There was a trend toward improved OS in the resection group (HR 0.67; 95% CI 0.35–1.29), but these data are immature due to limited events (15 vs 23 deaths). Safety profile showed grade ≥3 atezo/bev–related adverse events in 27.7% of surgical patients versus 21.0% of those on systemic therapy alone. Surgical complications of grade ≥3 occurred in 21.7% of resected patients, indicating acceptable but notable perioperative risks.
Expert Commentary
These interim results address an important clinical question regarding the integration of surgery in advanced HCC management post systemic therapy response. Dr. Hui-Chuan Sun and collaborators highlight the emerging utility of liver resection in patients achieving disease stability with atezo/bev. The significant prolongation of TTF supports that surgical tumor removal can consolidate local disease control. Although OS improvement was not statistically confirmed at this interim, longer follow-up may clarify survival benefit.
This approach demonstrates biological plausibility: immune checkpoint inhibition combined with antiangiogenic therapy may downstage tumors and micrometastases, thus optimizing conditions for successful resection. However, patient selection is critical, as the study excluded those with extrahepatic metastases or progression after induction. The surgical complication rate warrants careful perioperative management and underscores the need for experienced multidisciplinary teams.
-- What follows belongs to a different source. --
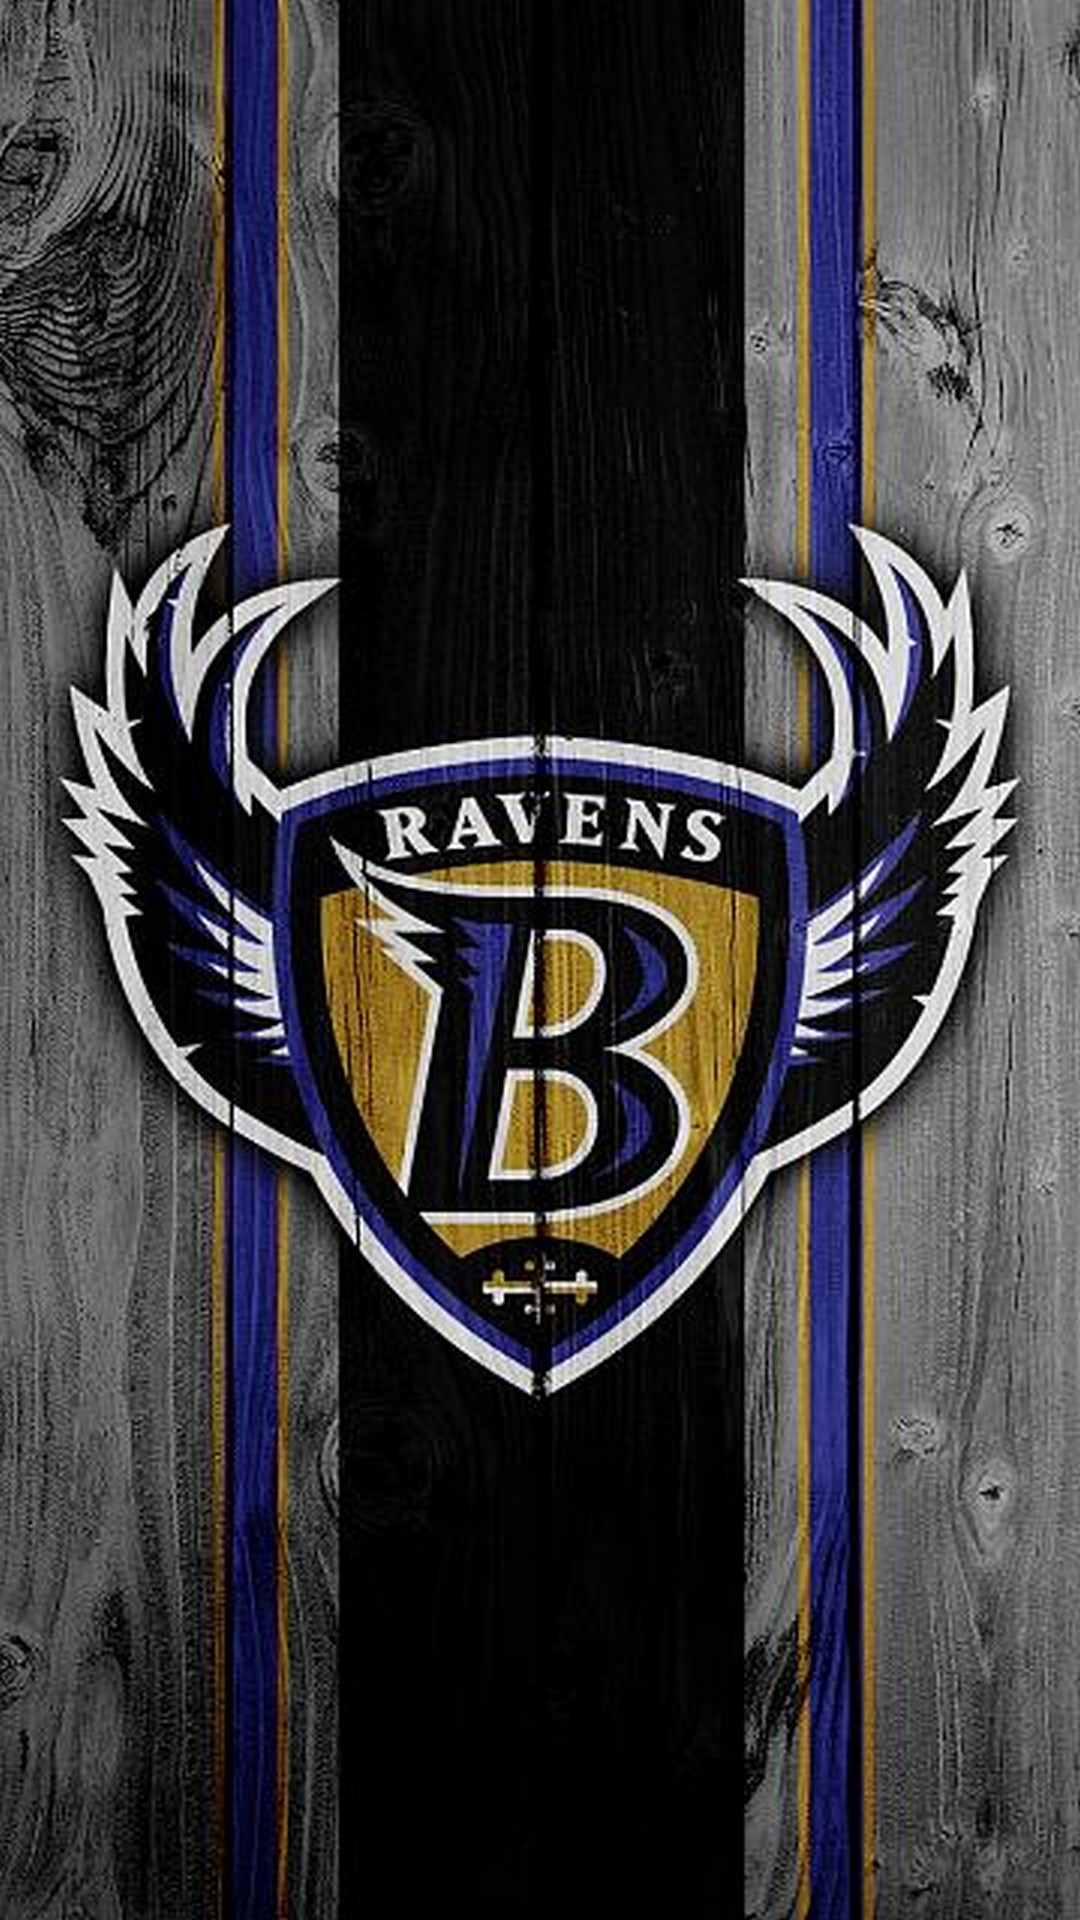 Baltimore Ravens iPhone Screen Lock Wallpaper With high-resolution 1080X1920 pixel. Download and set as wallpaper for Apple iPhone X, XS Max, XR, 8, 7, 6, SE, iPad, Android

Limitations include the open-label design and immaturity of survival outcomes. Generalizability may depend on access to specialized surgical expertise and experience with immunotherapy combinations.
Conclusion
The TALENTop study interim findings provide compelling evidence that surgical resection after initial atezolizumab plus bevacizumab induction therapy significantly extends time to treatment failure in well-selected patients with locally advanced HCC without extrahepatic spread. This multimodal strategy offers a clinically meaningful improvement over continued systemic therapy alone and may represent a paradigm shift in managing advanced HCC. Longer-term outcomes including overall survival and quality of life assessments are awaited to confirm and refine the role of surgery in this setting.
Funding and Clinical Trials Registration
The TALENTop trial is supported as a multicenter investigator-initiated study; specific funding details were not disclosed in the interim report. The study is registered on ClinicalTrials.gov under identifier NCT04649489.
References
- European Society for Medical Oncology (ESMO) Congress 2025; October 17-21, 2025. Abstract #1469MO.
- Finn RS, Qin S, Ikeda M, et al. Atezolizumab plus Bevacizumab in Unresectable Hepatocellular Carcinoma. N Engl J Med. 2020;382(20):1894-1905.
- Kudo M. Optimizing treatment options for advanced hepatocellular carcinoma. World J Gastroenterol. 2018;24(30):3413-3425.